Several patients also refused the questionnaire due to time restraints. Primary care visits often entail multiple competing health issues to be discussed within a limited time period, perhaps making it difficult to devote substantial time to screening for 1 potential disease if the patient or physician do not already perceive the patient to be at an elevated risk. Since time of visit was not recorded during data collection, it is unclear whether this was influenced by the time of day during which appointments were scheduled.

Luba et al studied the PREMM1,2,6 model in a community gastroenterology office and concluded that a patient self-administered version of the model could effectively be used to screen at-risk individuals in the outpatient setting. By contacting patients prior to their appointment and reviewing portions of the questionnaire, this study was likely able to improve participant completion of questions about their family history of LSAC. It is also possible that implementation in a subspecialty clinic, rather than primary care clinic, increases the probability that participants were higher risk for colorectal cancer, which has been shown to increase accuracy in answering colorectal cancer screening questions. In contrast to our study, Luba et al did not report on the percentage of patients that were unsure of certain questions or had difficulty completing the questionnaire, so it is uncertain whether questionnaires were completed accurately. In addition, Luba et al did not report why 17.5% of eligible participants declined genetic testing. By further investigating these questions in our study, we have addressed additional barriers to obtaining a final diagnosis of LS.
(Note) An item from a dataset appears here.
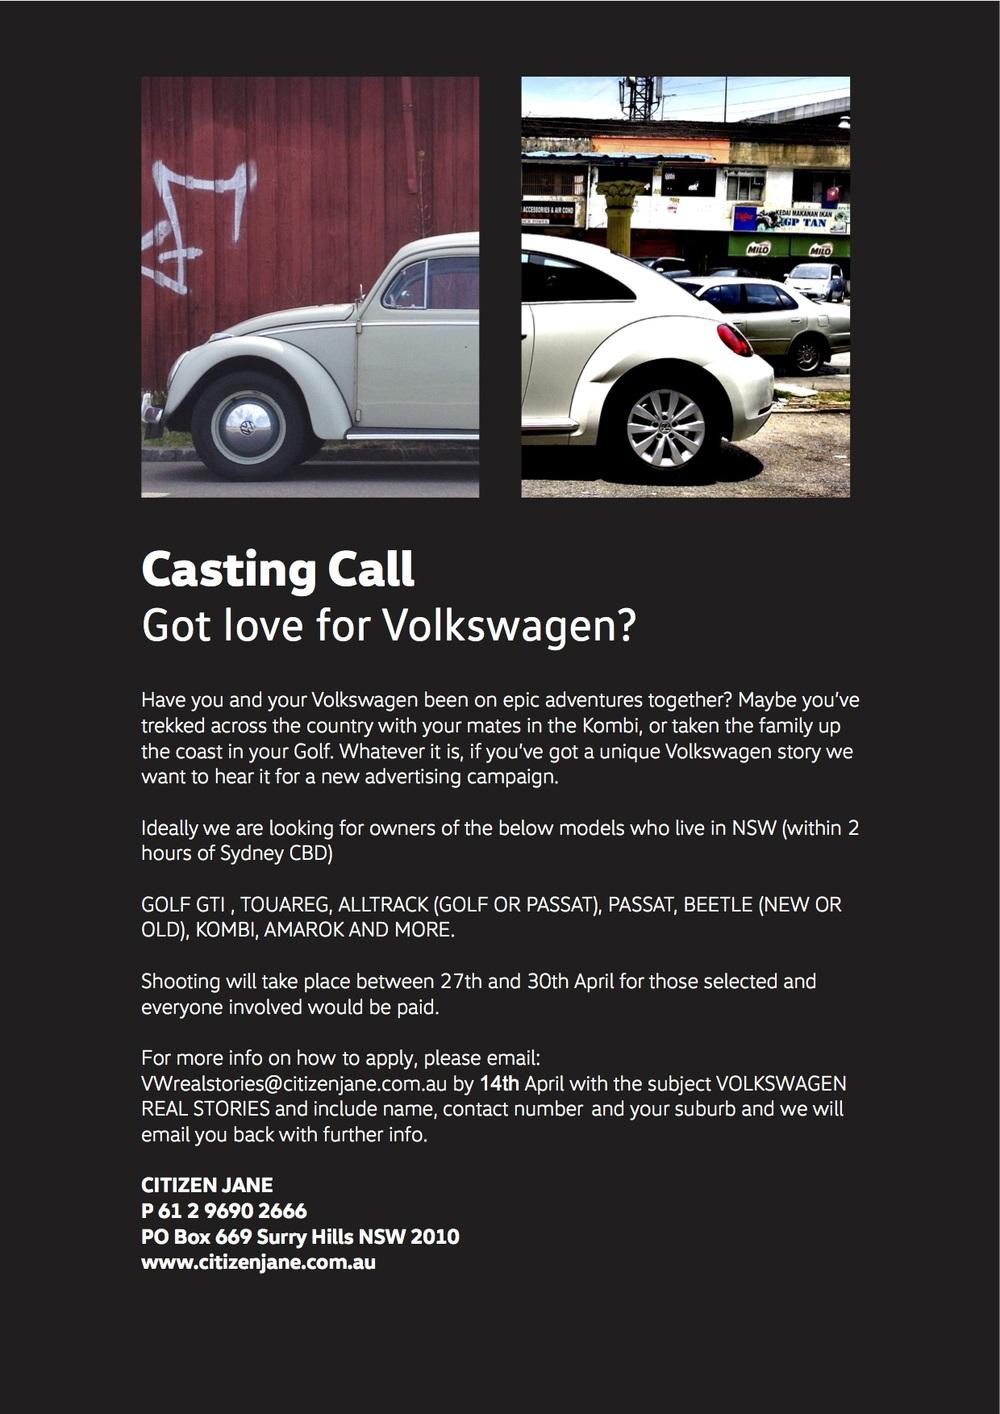 Brand Love_Casting Call_14.04.16.img copy.jpg

One subject screened positive for LS with a risk score 3.2%, but declined further genetic evaluation. Based on the positive screen, this individual was offered further evaluation with a genetic counselor but declined. Although we cannot draw conclusions about genetic counseling uptake due to our limited sample, there is evidence that even individuals aware of their cancer risk choose not to pursue genetic evaluation or do not receive accurate genetic testing recommendations from their providers.[19,20]

Although these results are limited by the small sample size of this study and this is only a single site study, our study demonstrates that unavailability of information needed for the PREMM5 model can limit its utility in the primary care setting. Even with high questionnaire completion rates, the accuracy of questionnaire data is likely limited by patients’ knowledge of a detailed family history or patient difficulty with questionnaire items, perhaps due to low health literacy. Further work would be needed to determine if interventions such as asking patients to gather a detailed family history prior to their visit would increase the yield of the in-office questionnaire. In addition, possibly further educating patients on the epidemiology of LS associated malignancies would increase their desire to complete these questions.